BEGIN DATA SECTION
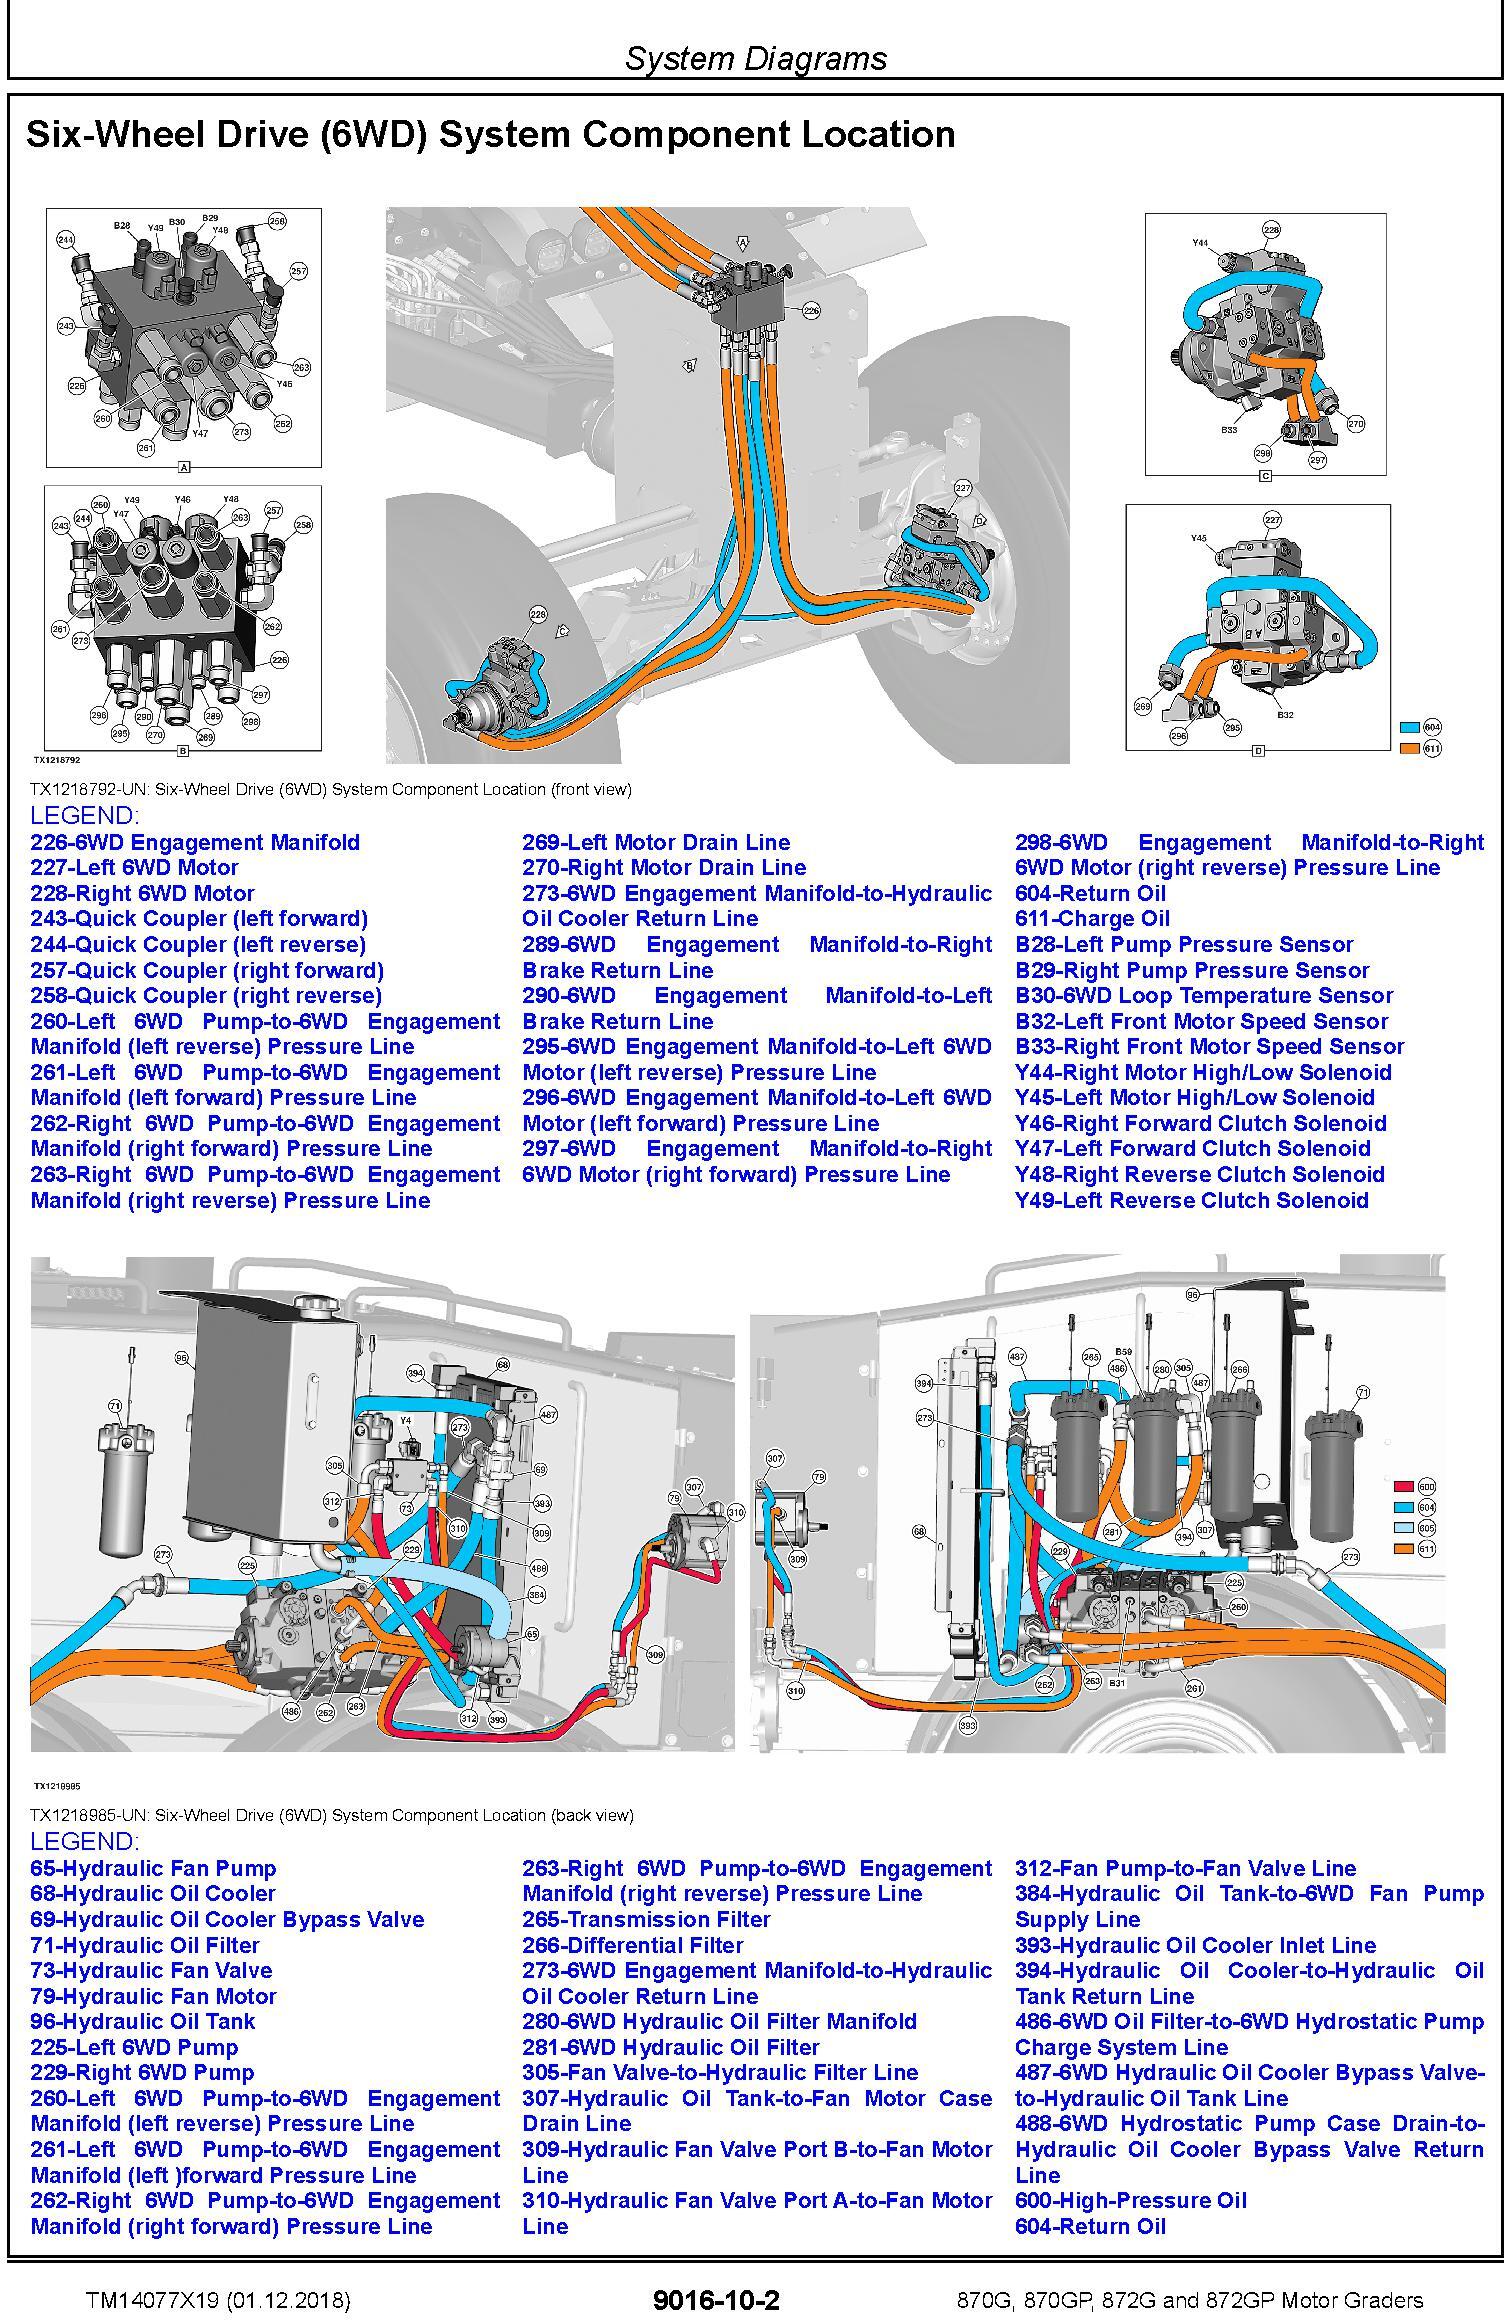 John Deere 870G, 870GP, 872G, 872GP (SN.C678818-680877) Motor Graders Diagnostic Manual (TM14077X19) - 2
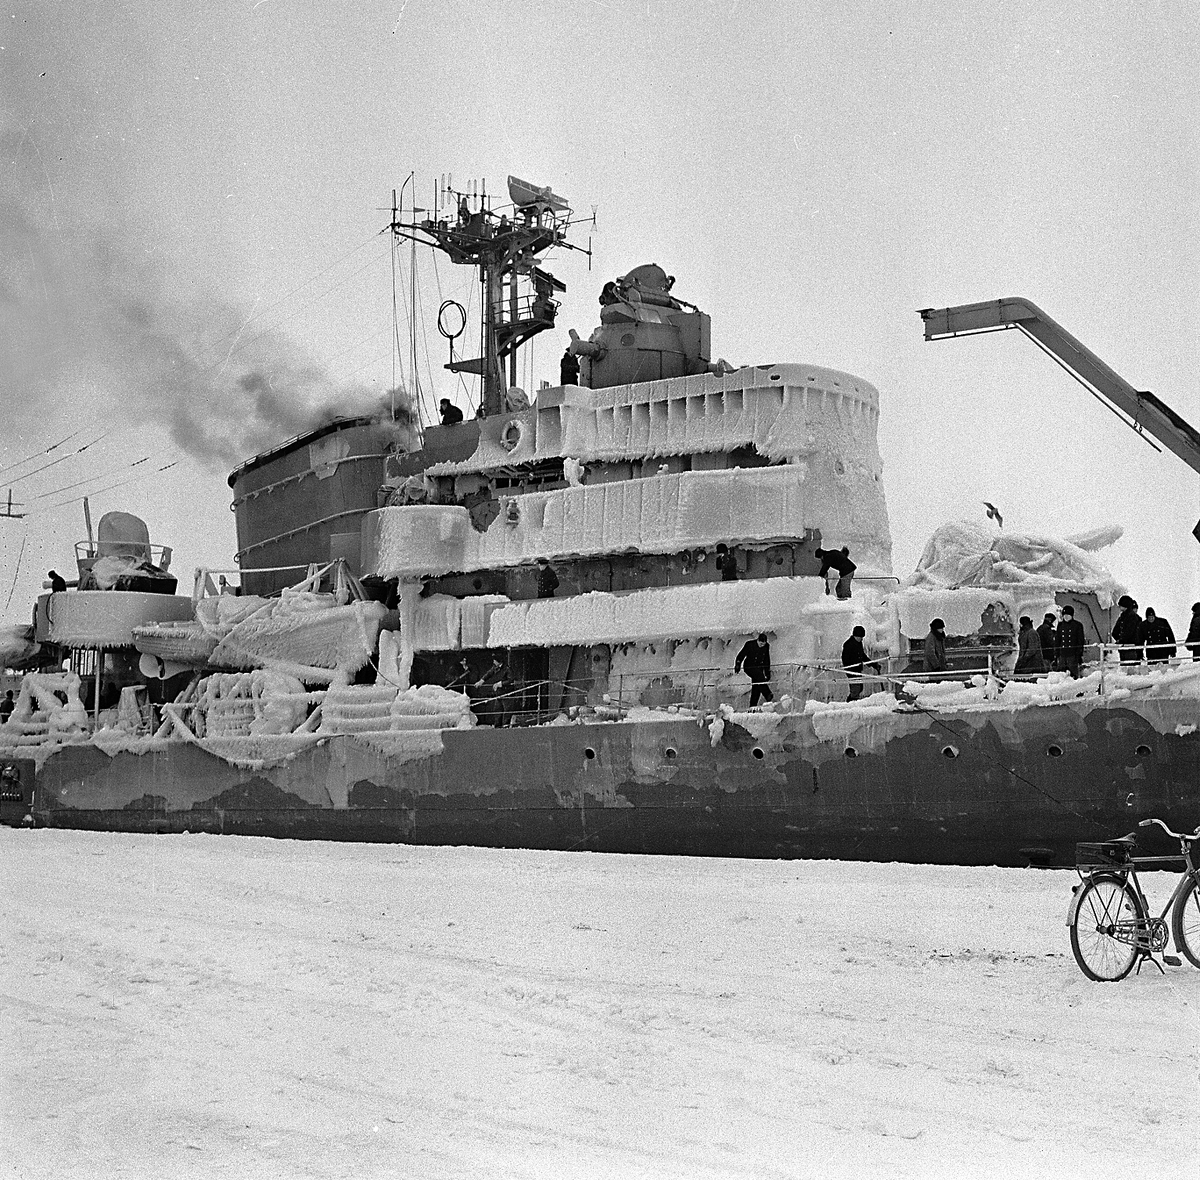 Varvet runt - en bildutställning.
Någon gång tog vintern ett hårt grepp om fartyg och varv. Vintern 1956 kom jagaren Uppland svårt nedisad till kaj.
END DATA SECTION
- TASK DIRECTIONS:
Produce the full material again verbatim, with the pictures dropped.

- WRITTEN SOLUTION:
 John Deere 870G, 870GP, 872G, 872GP (SN.C678818-680877) Motor Graders Diagnostic Manual (TM14077X19) - 2
 Varvet runt - en bildutställning.
Någon gång tog vintern ett hårt grepp om fartyg och varv. Vintern 1956 kom jagaren Uppland svårt nedisad till kaj.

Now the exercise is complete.